L’homme vit donc beaucoup plus dans la réalité subjective de son imagination que dans la réalité objective. L’importance de ce constat contre-intuitif ne peut pas être surestimée et est presque une nouvelle tournure copernicienne, une transition vers un nouveau mode de pensée. En effet, nous sommes spontanément et intuitivement convaincues que nous appréhendons la réalité telle qu’elle est, de la même façon que nous voyons intuitivement le soleil « se lever » et « se coucher ». Pourtant, ce n’est pas le cas. Nous voyons une projection de la réalité. L’homme n’a pas une relation avec la réalité, mais avec son
image de la réalité. Nous n’avons pas une relation avec notre conjoint, mais avec l’image de notre conjoint. Nous n’apercevons pas le monder tel qu’il est, au contraire : ce que nous observons se plie à notre représentation préexistante de comment sont les choses26. Celui qui ne comprend pas cela, ne peut pas comprendre l’homme. Chez l’homme les émotions sont en effet beaucoup plus déterminées par les images du monde intérieur que par les images du monde extérieur. Pour les émotions il n’y a aucune différence que les images trouvent leur origine dans le monde intérieur ou dans le monde extérieur. Cela rend compte du fait que l’excitation érotique peut être induite par des images de nature sexuelle. Le fait qu’un homme puisse être excité par la vue d’images de femmes dénudées, est une illustration parfaite de ce processus.
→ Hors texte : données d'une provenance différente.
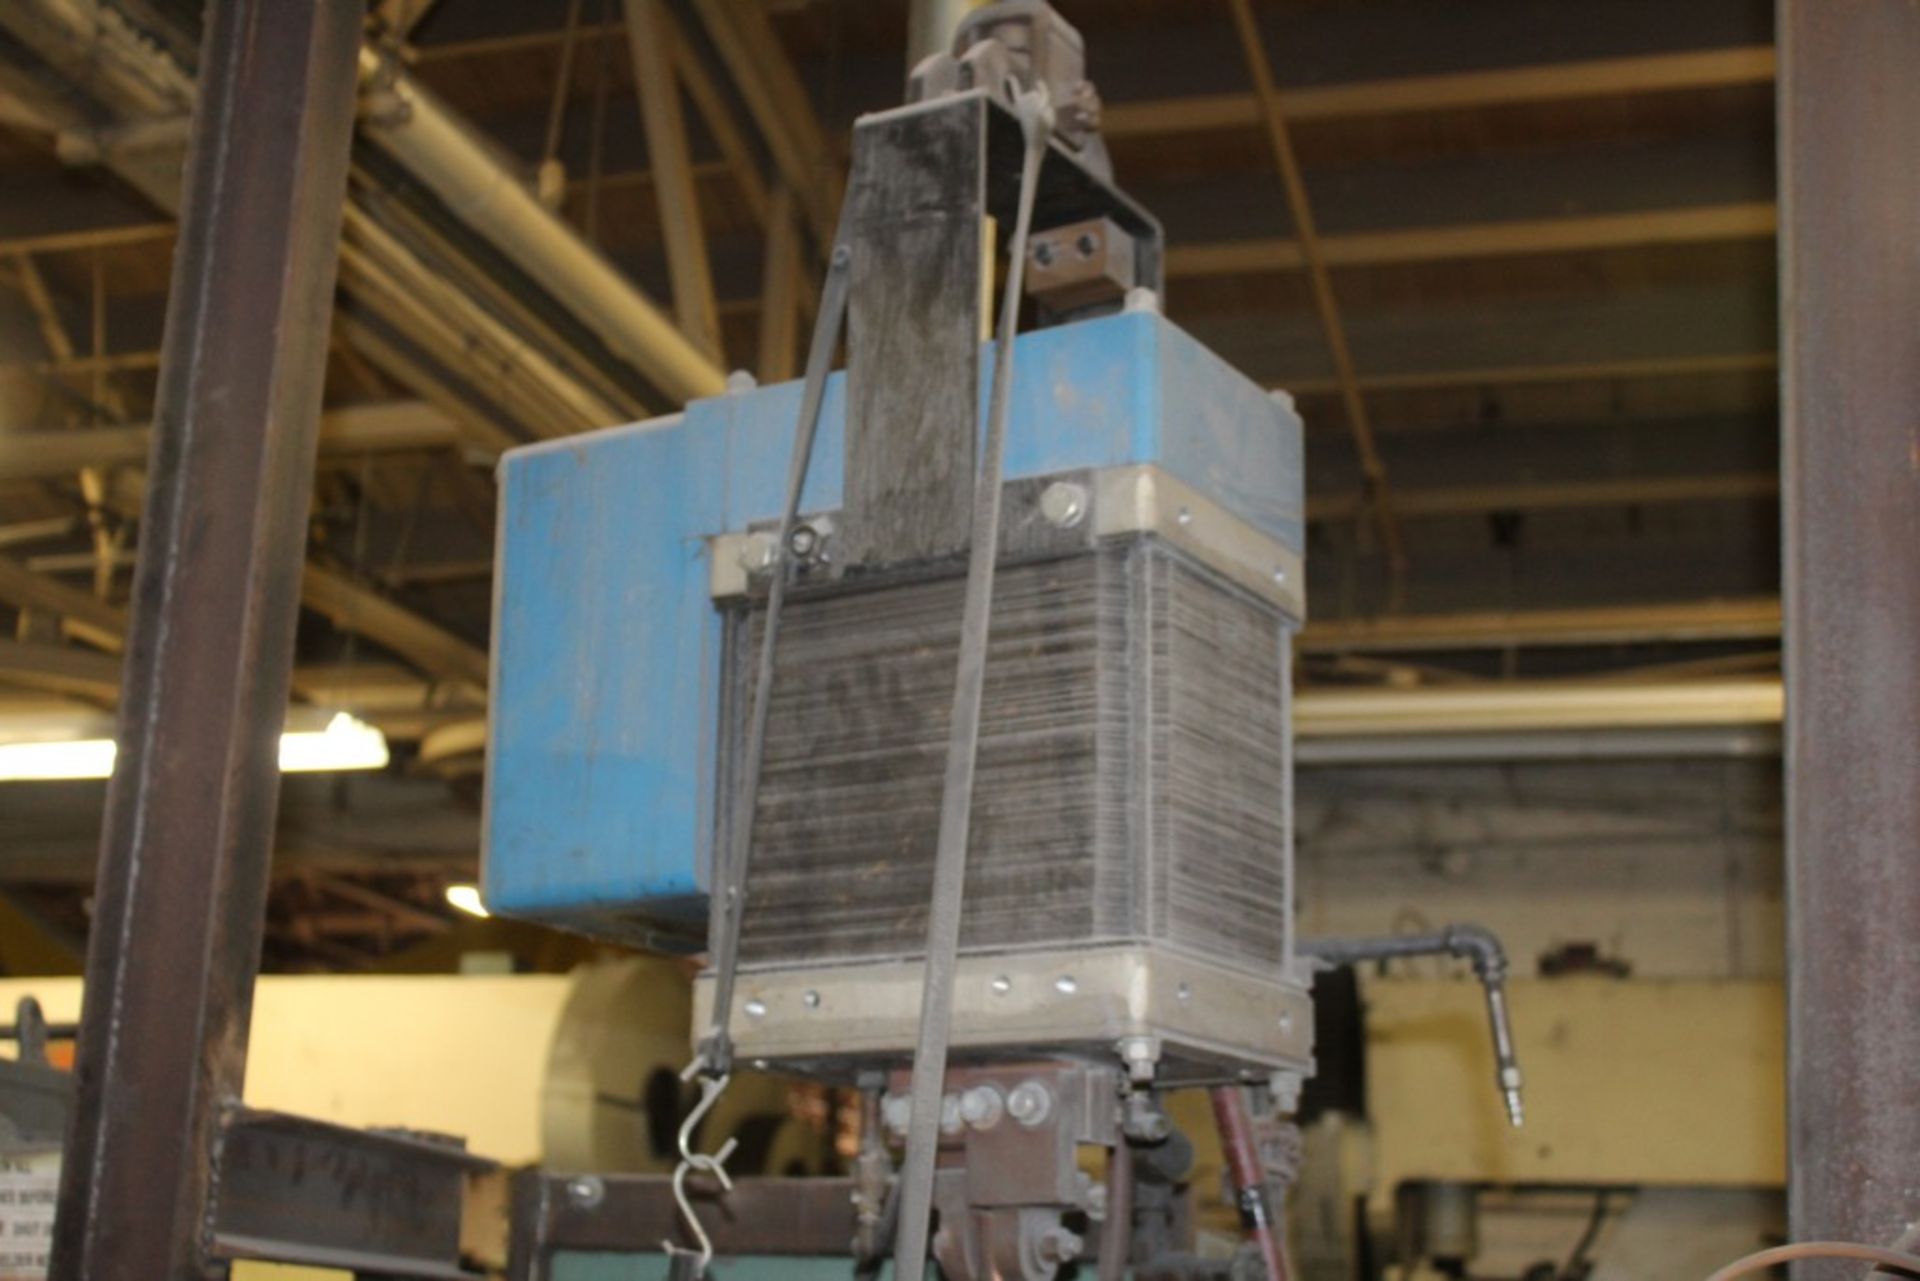 ROBOTRON 75 KVA APPROX. HAND HELD SPOT WELDERS WITH ENTRON CONTROL Loading Fee: $300 - Image 5 of 8

En effet, on peut quand-même difficilement croire que l’émotion ou l’excitation sexuelle vienne de l’image même, qui n’est au fond que de l’encre imprimée sur du papier. En ce sens, les animaux sont évidemment plus réalistes que l’homme : ils réagissent toujours à la réalité d’ici et de maintenant, même s’ils peuvent l’apprécier de façon erronée.
Imagination (penser, les idées) = > émotions = > action
Comparez cette vision des choses avec l’histoire décrite supra, de l’homme qui a une crevaison. Voici une histoire Chinoise:
Dans la Chine ancienne il y avait un paysan dans un petit village de campagne. Les habitants du village le considéraient comme quelqu’un qui vivait plutôt bien, car il avait un fils et un cheval pour cultiver ses terres. Un jour le cheval s’enfuit. Ses voisins et ses amis vinrent le voir pour dire à quel point ils trouvaient cela dommage et pour le réconforter. Mais l’agriculteur répondit seulement : « Peutêtre bien, peut-être pas. » Après quelques jours le cheval revint et amena avec lui dix chevaux sauvages. Les voisins et les amis trouvèrent cette coïncidence formidable et vinrent le féliciter de cet évènement heureux. Mais l’agriculteur répondit seulement : « Peut-être bien, peut-être pas. »
26 Les lecteurs plus formés philosophiquement vont sans doute reconnaitre en ceci la pensée de Kant.
Kant parlait de la tournure copernicienne.